- _Problem details_: Repeat every record below exactly, omitting any pictures.

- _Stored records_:
★ ★ ★

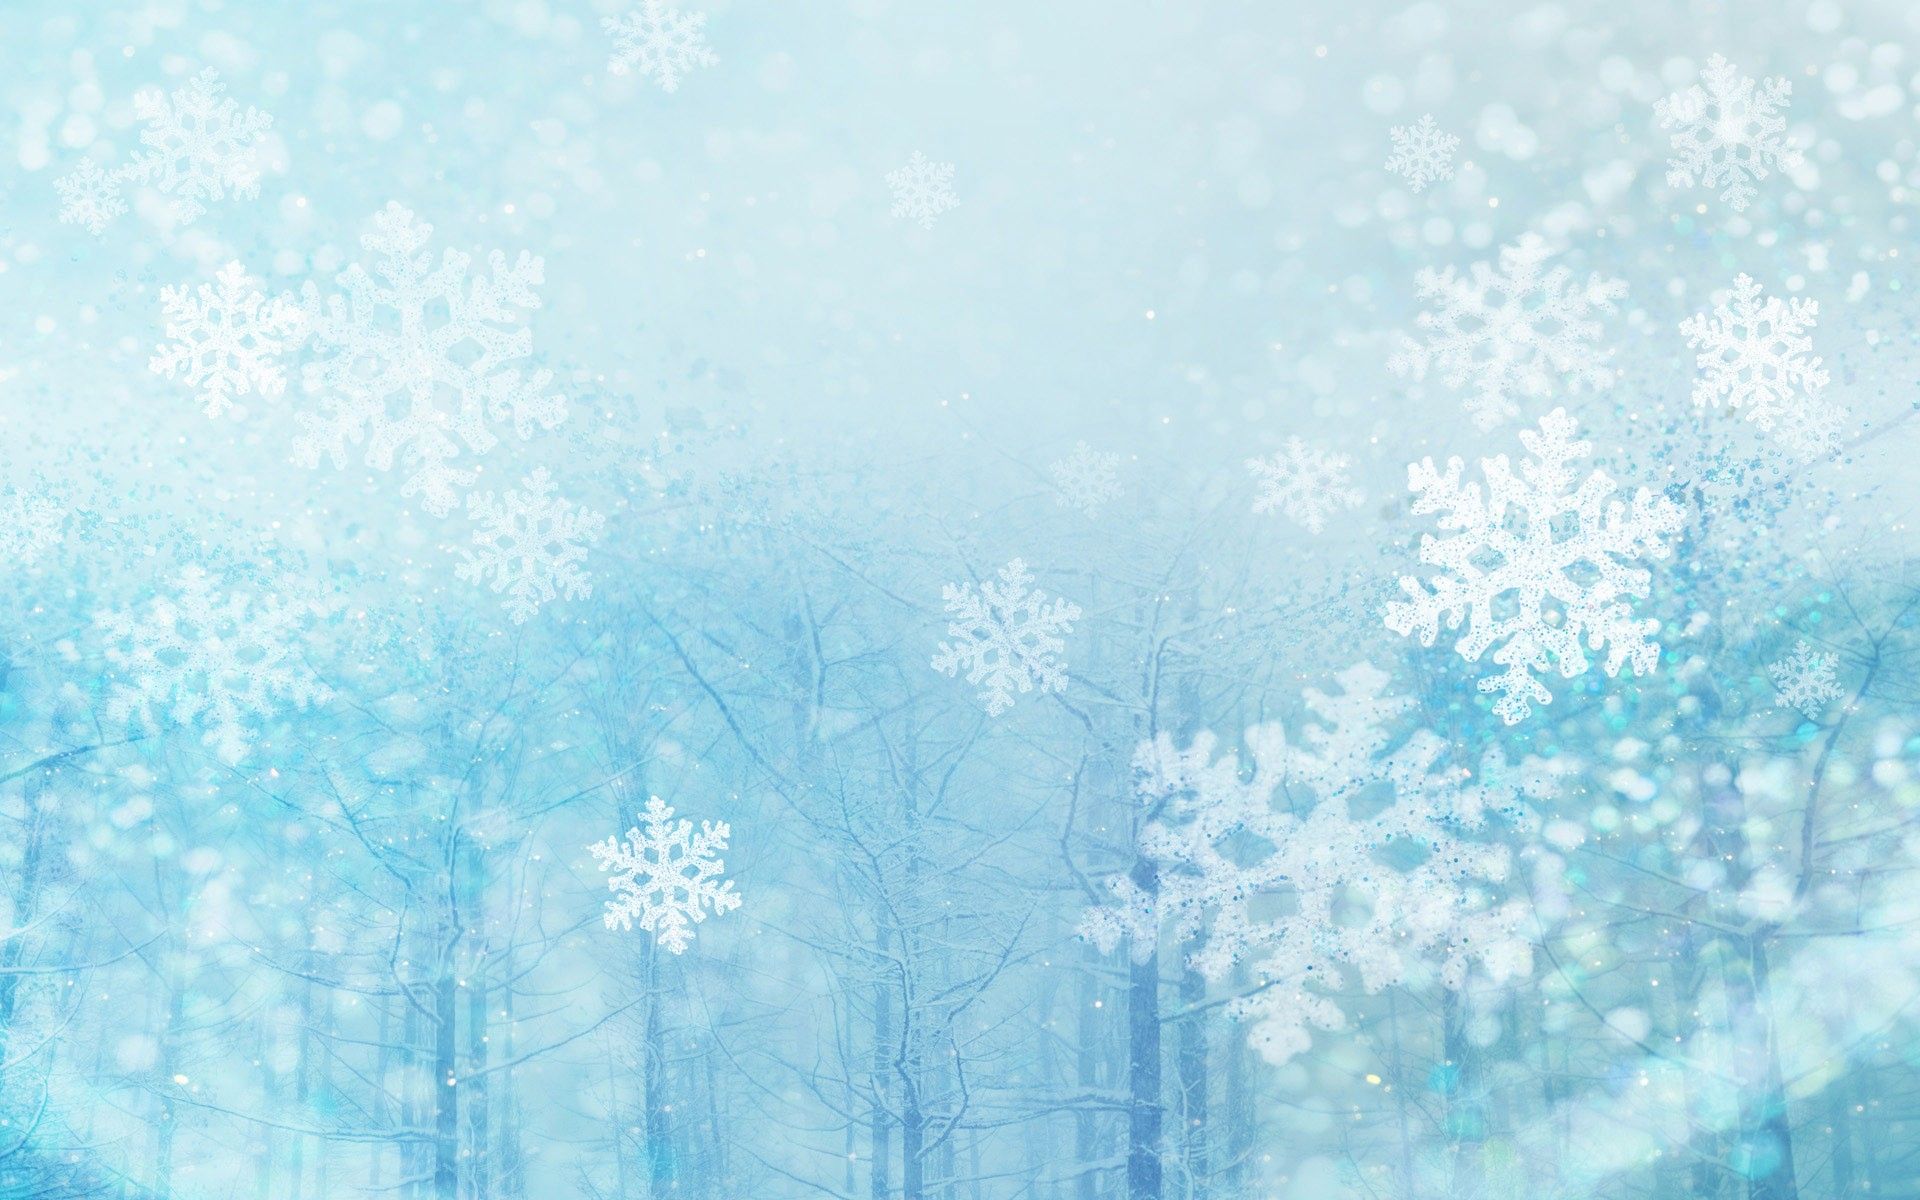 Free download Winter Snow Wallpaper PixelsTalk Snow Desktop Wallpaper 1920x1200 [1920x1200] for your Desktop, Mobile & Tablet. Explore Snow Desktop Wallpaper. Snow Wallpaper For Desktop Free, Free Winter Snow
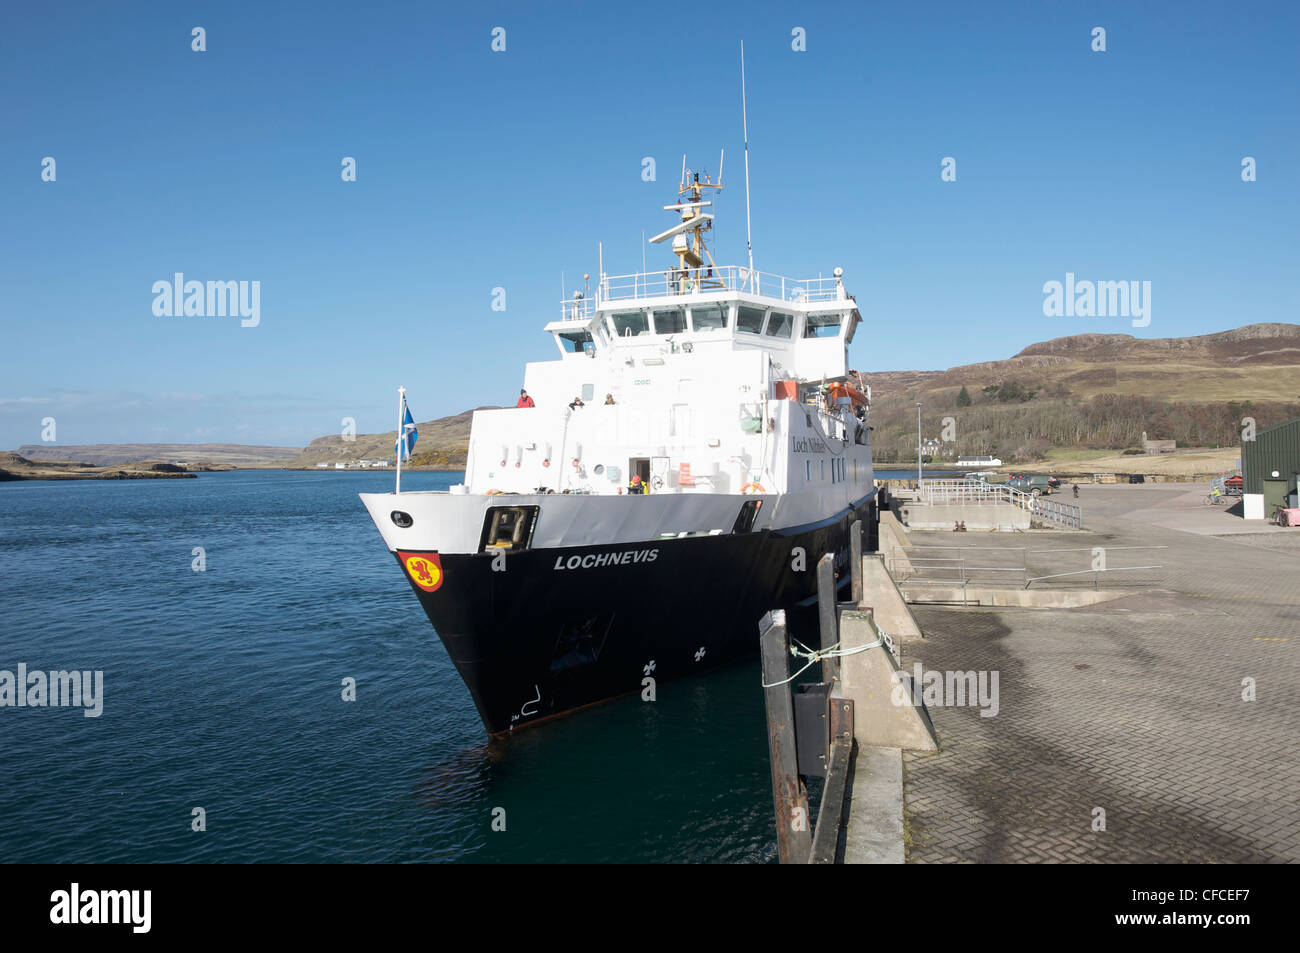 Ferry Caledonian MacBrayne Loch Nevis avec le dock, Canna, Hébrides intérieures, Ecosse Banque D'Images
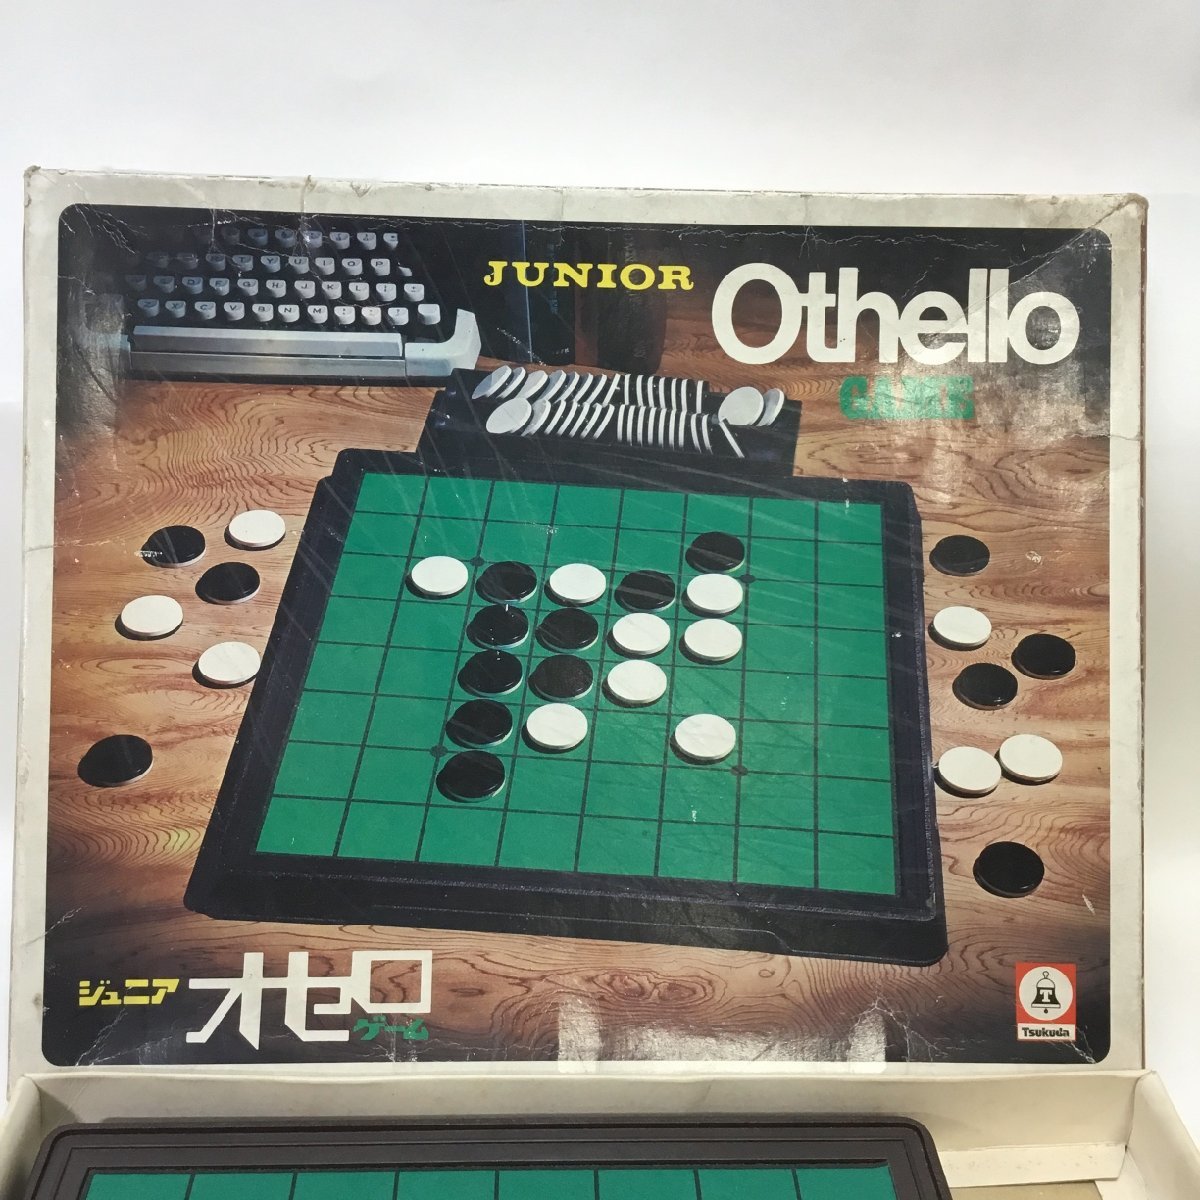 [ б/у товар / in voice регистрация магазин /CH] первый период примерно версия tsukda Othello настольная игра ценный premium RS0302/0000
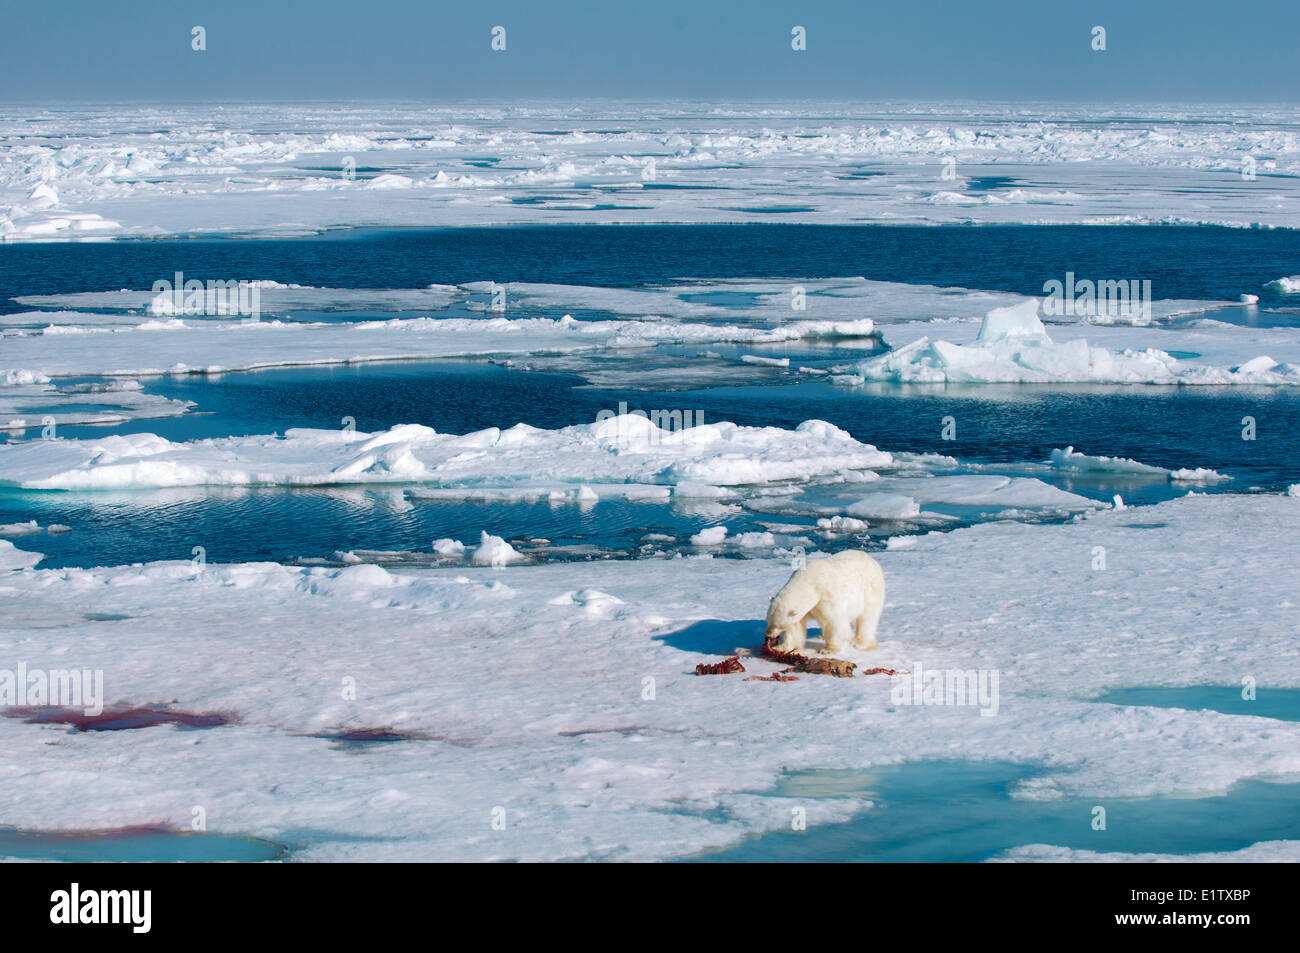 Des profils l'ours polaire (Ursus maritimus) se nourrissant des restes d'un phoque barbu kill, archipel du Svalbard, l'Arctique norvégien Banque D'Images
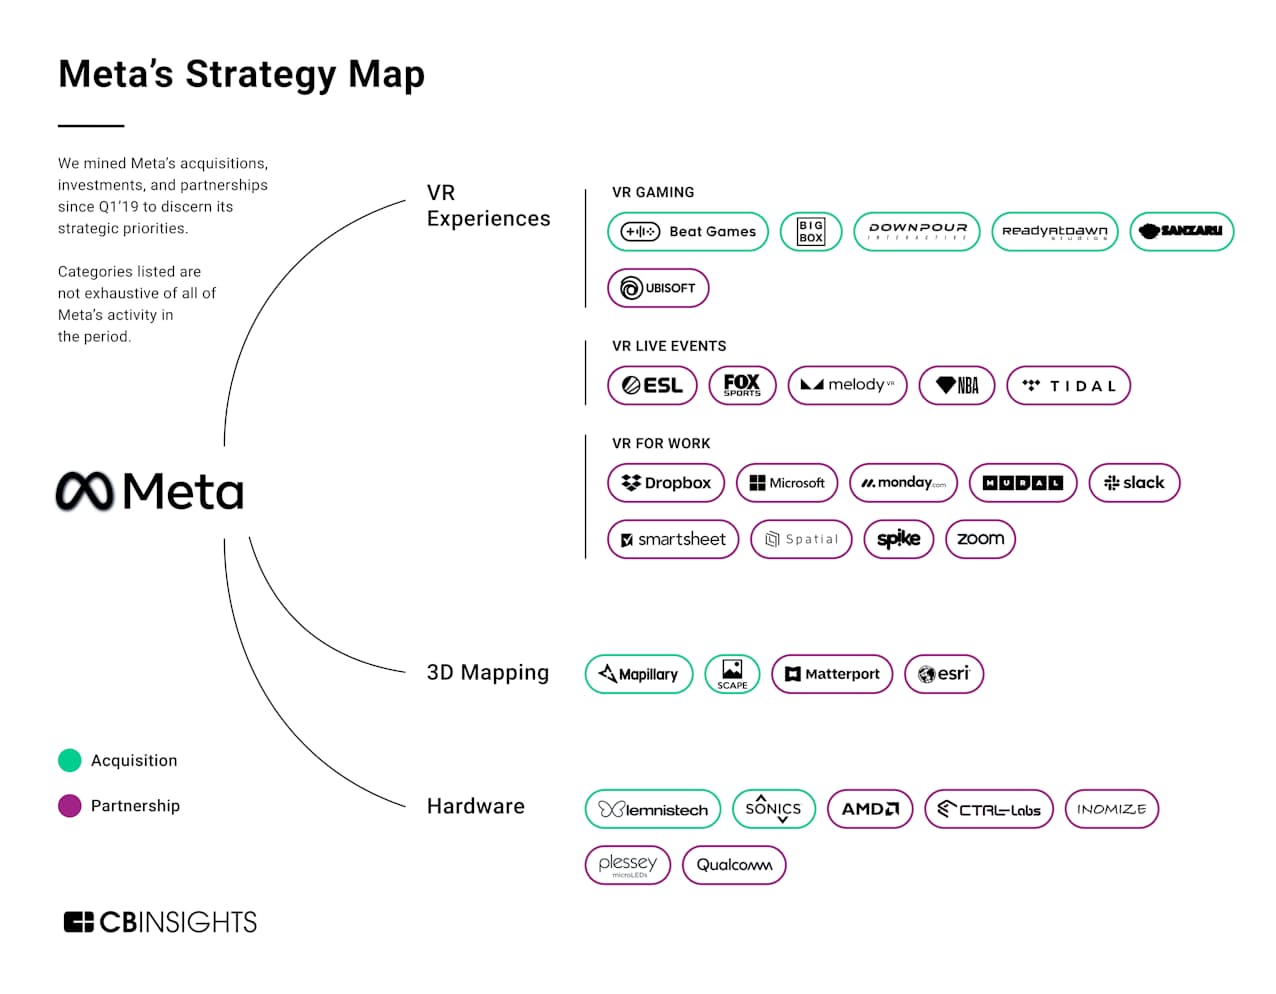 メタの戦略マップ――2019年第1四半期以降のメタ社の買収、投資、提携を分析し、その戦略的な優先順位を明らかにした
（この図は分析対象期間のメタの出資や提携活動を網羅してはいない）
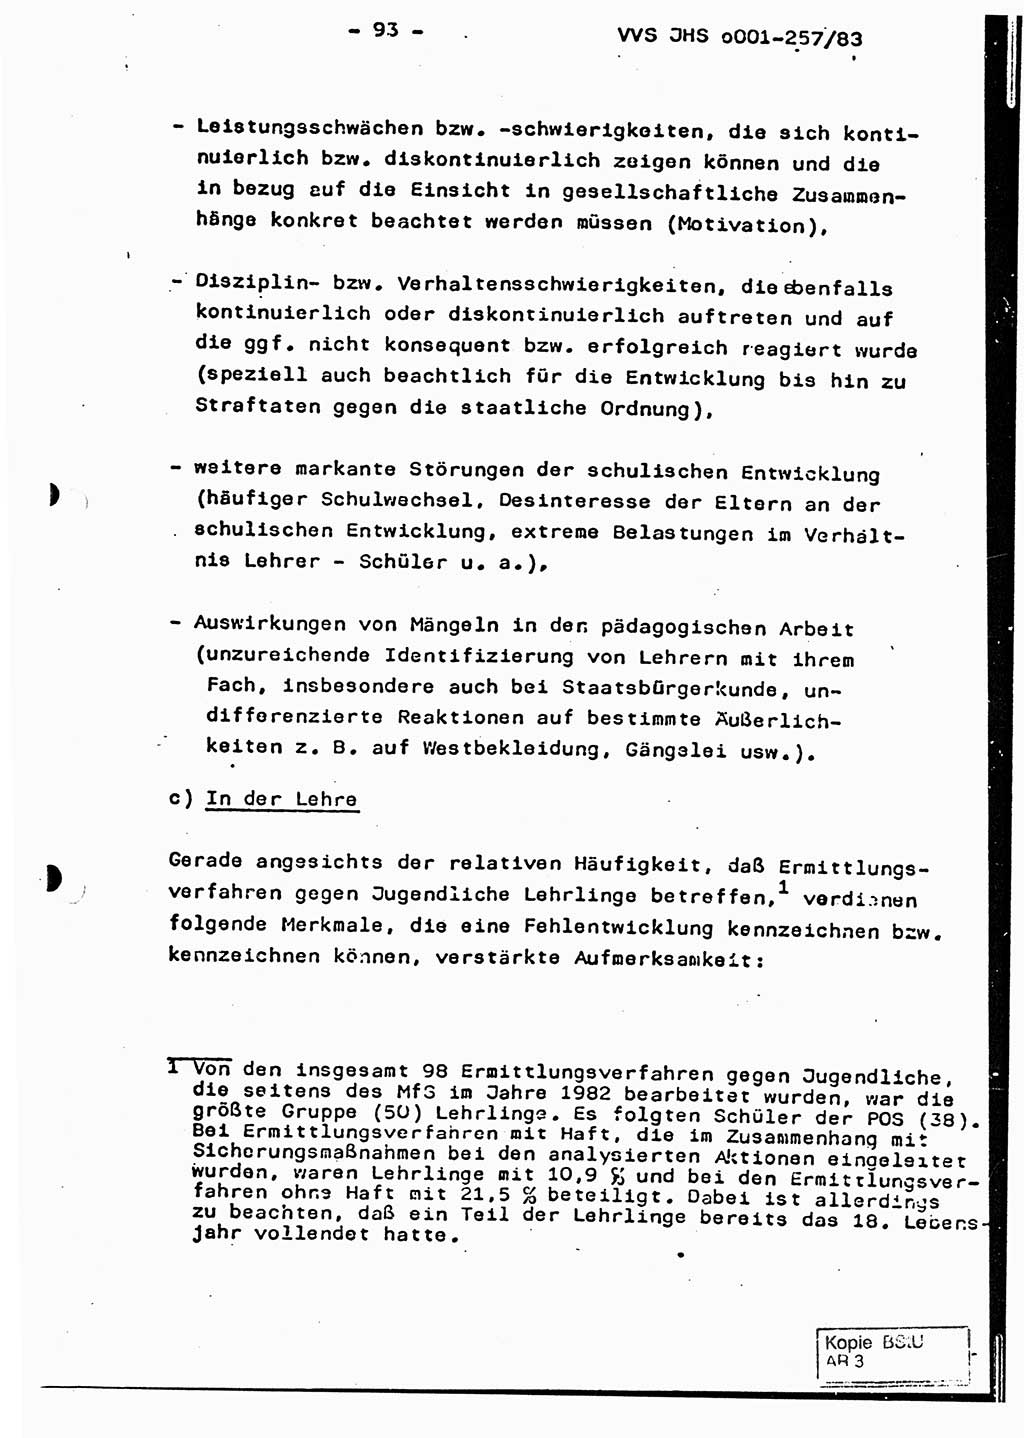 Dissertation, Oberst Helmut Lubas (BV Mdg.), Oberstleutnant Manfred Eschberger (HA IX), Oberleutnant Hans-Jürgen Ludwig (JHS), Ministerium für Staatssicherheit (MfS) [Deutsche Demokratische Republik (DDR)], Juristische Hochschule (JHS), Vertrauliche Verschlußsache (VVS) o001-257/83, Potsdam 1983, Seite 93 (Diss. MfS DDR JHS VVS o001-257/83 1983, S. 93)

★ ★ ★

- _Task solution_:
 Free download Winter Snow Wallpaper PixelsTalk Snow Desktop Wallpaper 1920x1200 [1920x1200] for your Desktop, Mobile & Tablet. Explore Snow Desktop Wallpaper. Snow Wallpaper For Desktop Free, Free Winter Snow
 Ferry Caledonian MacBrayne Loch Nevis avec le dock, Canna, Hébrides intérieures, Ecosse Banque D'Images
 [ б/у товар / in voice регистрация магазин /CH] первый период примерно версия tsukda Othello настольная игра ценный premium RS0302/0000
 Des profils l'ours polaire (Ursus maritimus) se nourrissant des restes d'un phoque barbu kill, archipel du Svalbard, l'Arctique norvégien Banque D'Images
 メタの戦略マップ――2019年第1四半期以降のメタ社の買収、投資、提携を分析し、その戦略的な優先順位を明らかにした
（この図は分析対象期間のメタの出資や提携活動を網羅してはいない）
 Dissertation, Oberst Helmut Lubas (BV Mdg.), Oberstleutnant Manfred Eschberger (HA IX), Oberleutnant Hans-Jürgen Ludwig (JHS), Ministerium für Staatssicherheit (MfS) [Deutsche Demokratische Republik (DDR)], Juristische Hochschule (JHS), Vertrauliche Verschlußsache (VVS) o001-257/83, Potsdam 1983, Seite 93 (Diss. MfS DDR JHS VVS o001-257/83 1983, S. 93)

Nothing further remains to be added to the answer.